Мисс Тейлор была возмущена до глубины души, так что даже не могла усидеть на месте. Она встала с табуретки, подошла к окну и прислонилась пылающим лицом к прохладному стеклу. Она чувствовала, как бешено колотится сердце, и с почти профессиональным интересом отметила, что у нее дрожат руки. Немного погодя она вернулась к постели больной.

— Не называйте ее доброй. Исполнительная, добросовестная, действующая из самых лучших побуждений, если хотите, но — не добрая. Если когда-нибудь вы встретите настоящую доброту, вы поймете разницу. На вашем месте я бы не беспокоилась, что радуюсь ее смерти. При таких обстоятельствах надо быть ненормальной, чтобы чувствовать иначе. Со временем вы сможете пожалеть и простить ее.

— Но, сестра, это меня нужно прощать. Я воровка.

Не слышались ли в этом мазохистские нотки, упорствующее самобичевание прирожденной жертвы?

— Вы не воровка, — немедленно возразила мисс Тейлор. — Вы украли один раз: это совсем другое дело. У каждого из нас бывали в жизни такие поступки, за которые нам стыдно, и мы сожалеем о них. Просто вы узнали кое-что про себя, узнали, что можете совершить, и это поколебало вашу уверенность в себе. И теперь вам придется жить, зная это. Мы начинаем понимать и прощать других людей только тогда, когда научимся понимать и прощать самих себя. Вы никогда больше не украдете. Я это знаю, и вы тоже. Но вы украли однажды. Вы способны украсть. Осознание этого спасет вас от чрезмерного самодовольства и самоуспокоенности. Это поможет вам стать гораздо более терпимым и отзывчивым человеком и очень хорошей медсестрой. Но только если вы не будете постоянно подогревать в себе чувство вины и мучиться угрызениями совести. Можно смаковать эти переживания, но они не помогут ни вам, ни кому-либо другому.

Девушка подняла на нее глаза.

— А полиция обязательно должна знать об этом?

Это был, конечно, трудный вопрос. И на него мог быть только один ответ.

— Да. Вам придется рассказать им все так же, как рассказали мне. Но я сначала переговорю со старшим инспектором. Это новый сыщик, на этот раз из Скотленд-Ярда, и, мне кажется, он умный и понимающий человек.

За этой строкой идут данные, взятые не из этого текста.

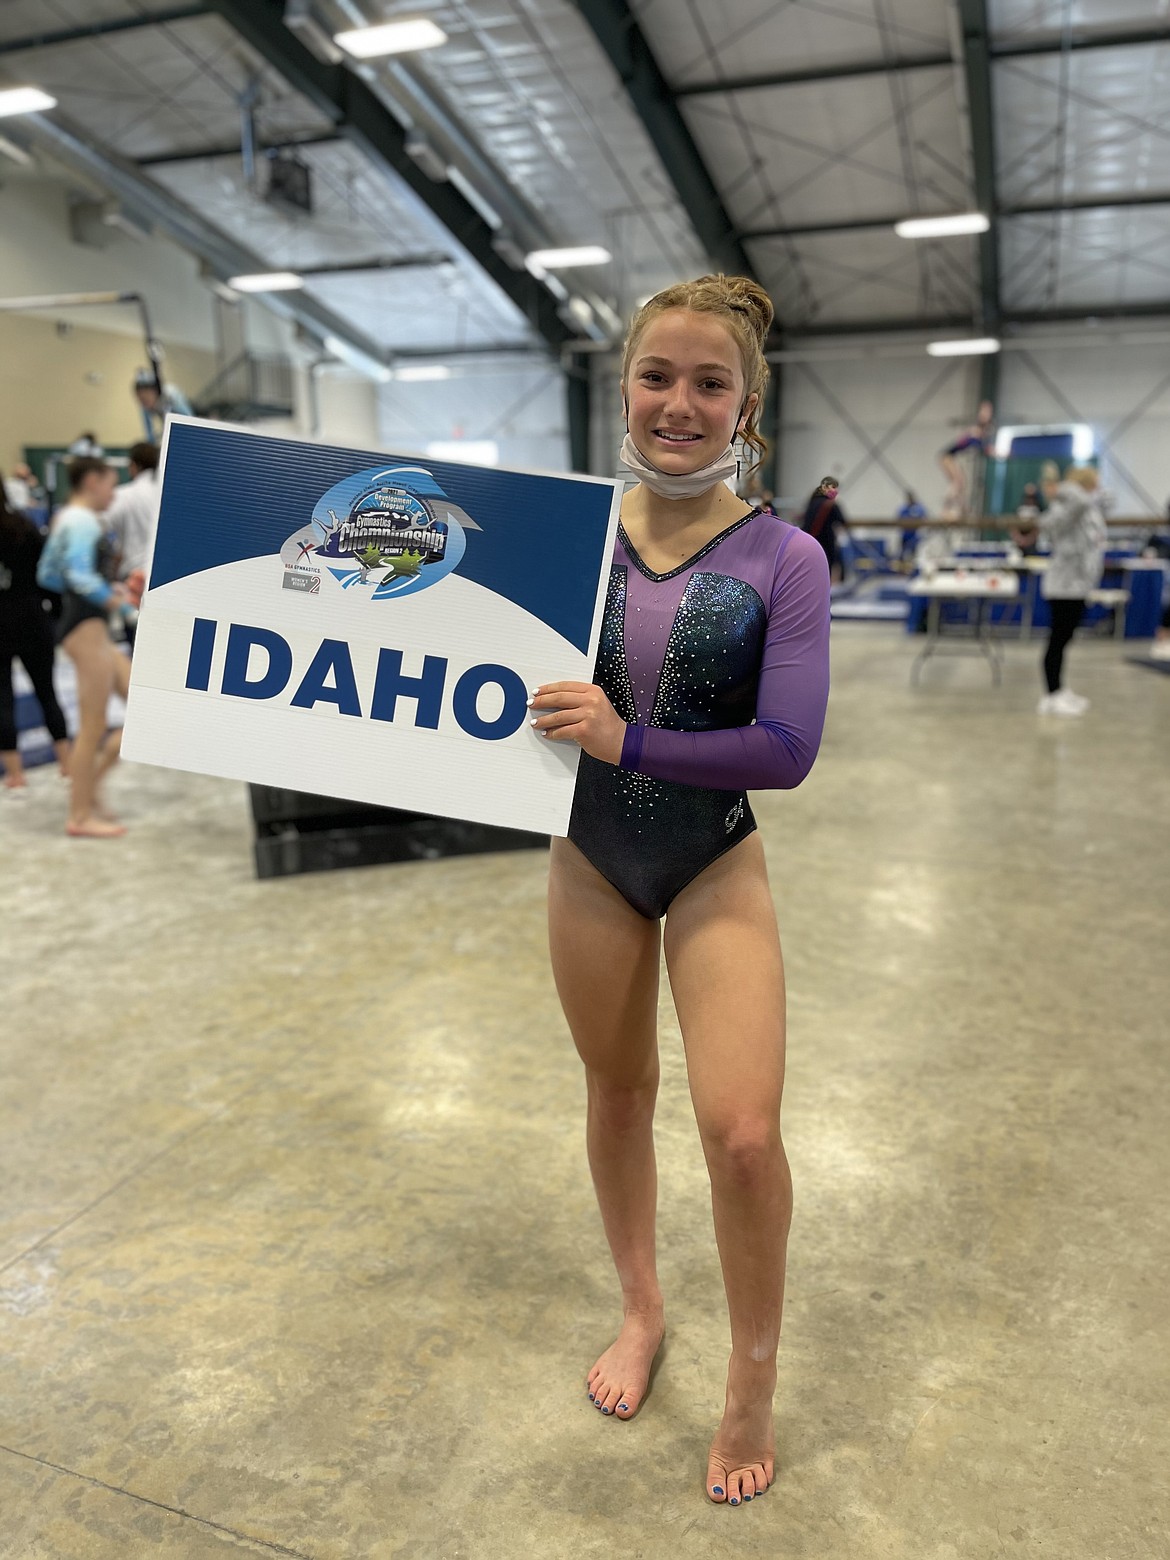 Courtesy photo
Avant Coeur Gymnastics Level 9 Lily Call at the Region 2 championships in Helena, Mont. Lily took 6th in her age group, qualifying her on to compete at Western Nationals in Iowa in May.

Такой ли он на самом деле? Откуда ей знать? Первая встреча была столь короткой: взгляд, касание рук — и все. Может, она просто успокаивала себя мимолетным впечатлением, что перед ней был человек, обладающий знаниями, опытом и творческим воображением, и что он сможет разгадать загадку двух смертей с минимальным ущербом как для невиновных, так и для виноватых. Она интуитивно чувствовала это. Но насколько это чувство обоснованно? Она поверила рассказу Дэйкерс, но ведь она была склонна поверить. А как подействует эта исповедь на полицейского, перед которым множество подозреваемых и ни одного выявленного мотива преступления? А тут-то мотив был. Все будущее самой Дэйкерс и ее матери. К тому же Дэйкерс вела себя довольно странно. Действительно, она переживала больше всех, когда умерла Пирс, но удивительно быстро взяла себя в руки. Даже под напором вопросов полиции она не выдала свою тайну. Что же тогда ускорило ее душевный разлад, вылившийся в признание и угрызения совести? Только ли шок оттого, что она обнаружила труп Фаллон? И почему смерть Фаллон вдруг сломила ее, если она не была ни в чем замешана?

Мисс Тейлор снова задумалась о Пирс. Как мало на самом деле мы знаем о каждом из учащихся. Пирс, если уж задумываться о ней вообще, была типичным примером серой, добросовестной, непривлекательной ученицы, которая, ухаживая за больными, вероятно, восполняла недостаток других занятий и удовольствий. В каждом медучилище всегда была одна такая ученица. Трудно было отказывать им, когда они подавали заявление о приеме, потому что они прилагали к этому более чем приличный аттестат об образовании и безукоризненные характеристики. И в общем, из них выходили неплохие медсестры. Разве что очень хорошие сестры из них получались редко. Но вот что интересно. Если у Пирс было столь сильное тайное стремление к власти, что она могла использовать вину и страдания этой девочки ради самоутверждения, то, значит, она была вовсе не такой уж заурядной и неспособной. Она была очень опасной молодой особой.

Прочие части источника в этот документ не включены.